The `csv` module is part of the standard python distribution

csv = "comma separated values"

In [None]:
import csv
csvfile = open('corpora/tekno_flat.csv')
tekno_reader = csv.DictReader(csvfile)
data_list = []
for row in tekno_reader:
    data_list.append(row)

In [None]:
data_list[0]

In [None]:
!pip install openpyxl

## Excel spreadsheets

You can convert these to `csv` files. But then every sheet will be in a separate file.

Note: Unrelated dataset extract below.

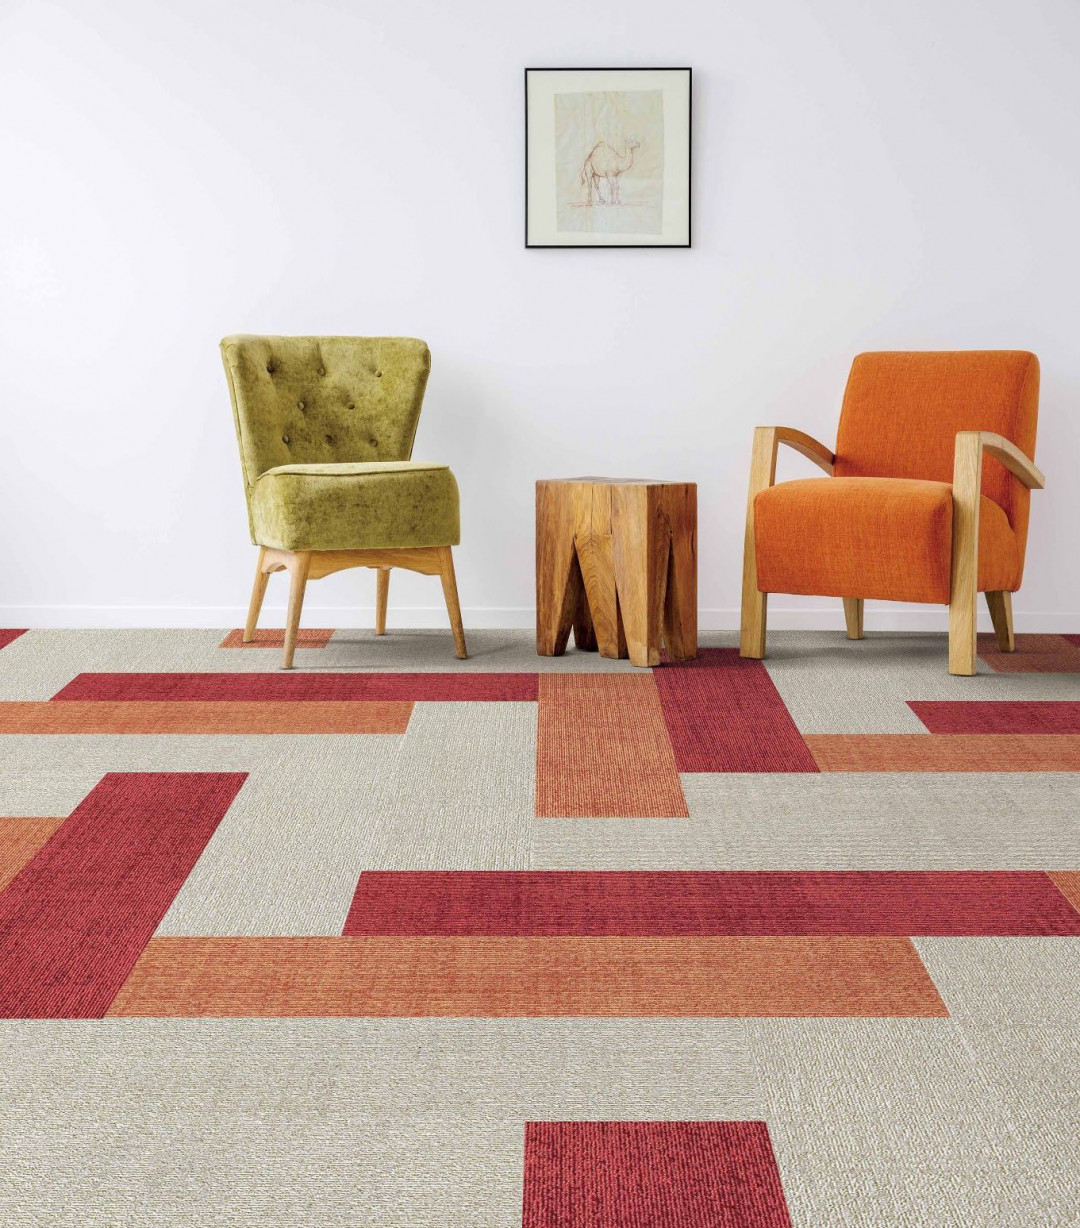 Why Carpet Tiles?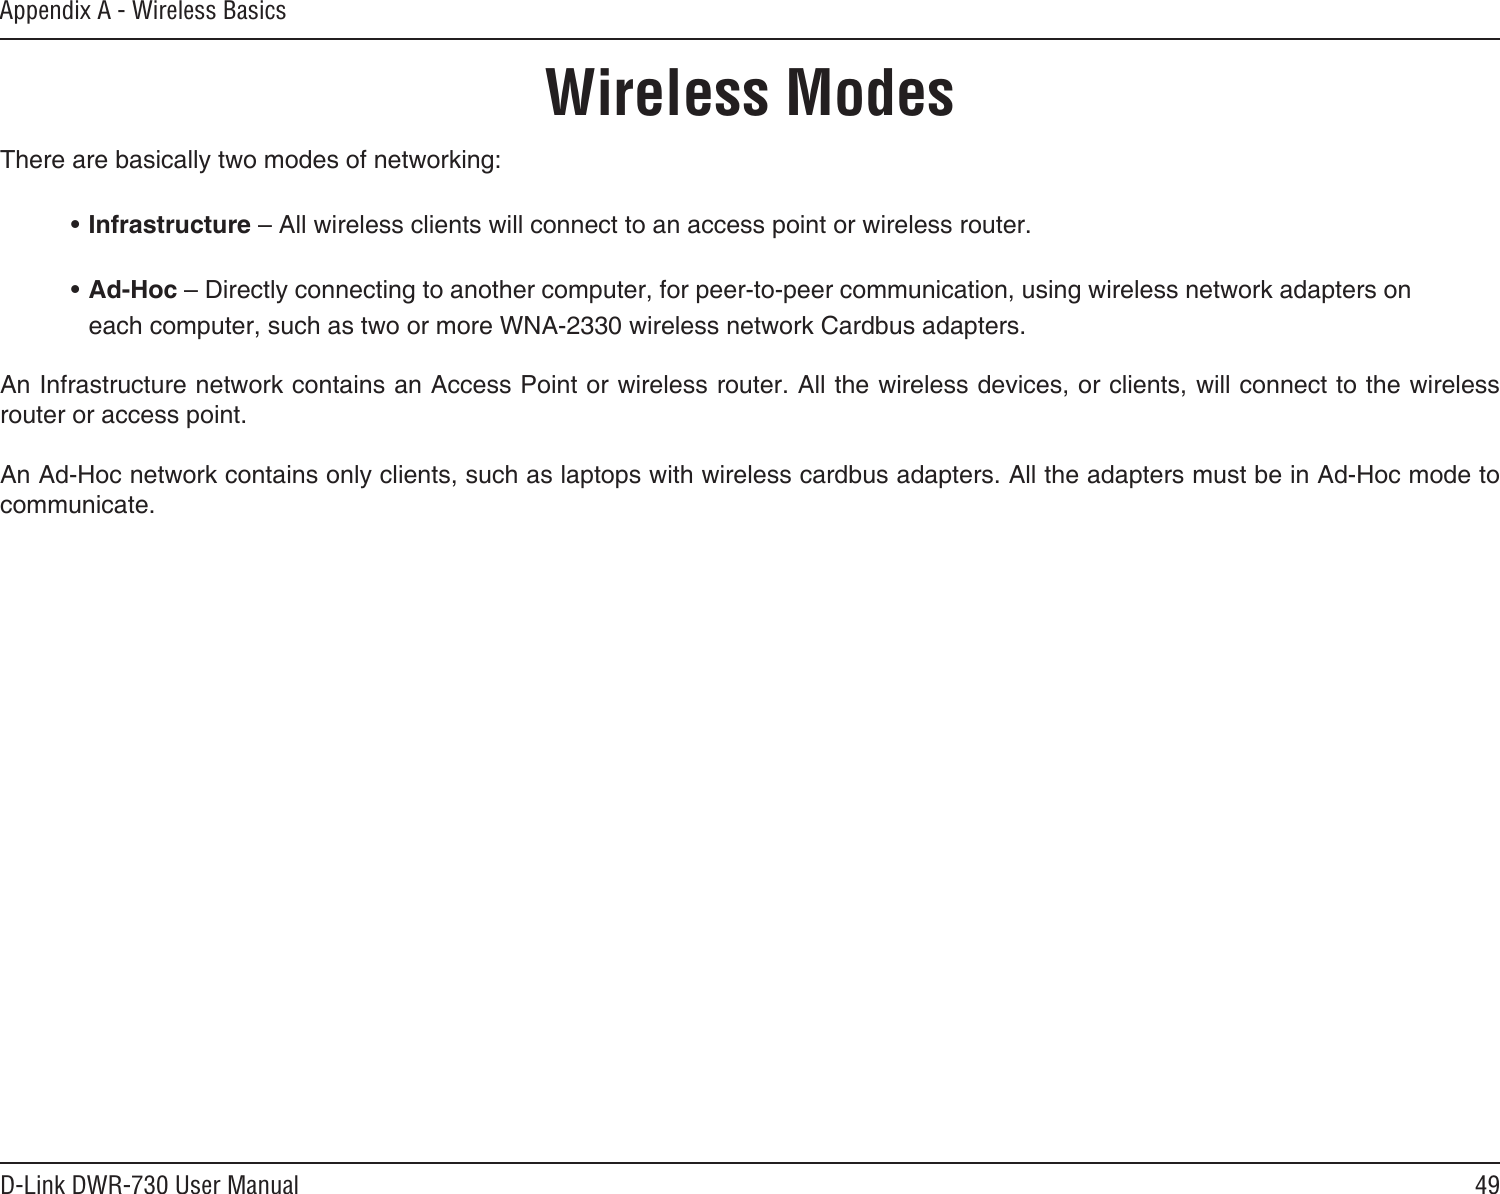 49D-Link DWR-730 User ManualAppendix A - Wireless BasicsWireless Modes

And you may lose some information.

An alternative is the `openpyxl` library, which lets you work directly with spreadsheets and is pretty intuitive.

https://openpyxl.readthedocs.io/en/stable/

In [None]:
import openpyxl

In [None]:
from openpyxl import load_workbook

In [None]:
wb = load_workbook('corpora/tekno_fractions_nona.xlsx')

In [None]:
print(wb.sheetnames)

In [None]:
ws = wb["teknoclip7_1"]

In [None]:
ws["A1"]

In [None]:
ws.cell(row=1, column=1)

In [None]:
ws["A2"].value

In [None]:
for c in ws["C"]:
    print(c.value)

## PDF files

PDF files are generally pretty unpleasant to deal with.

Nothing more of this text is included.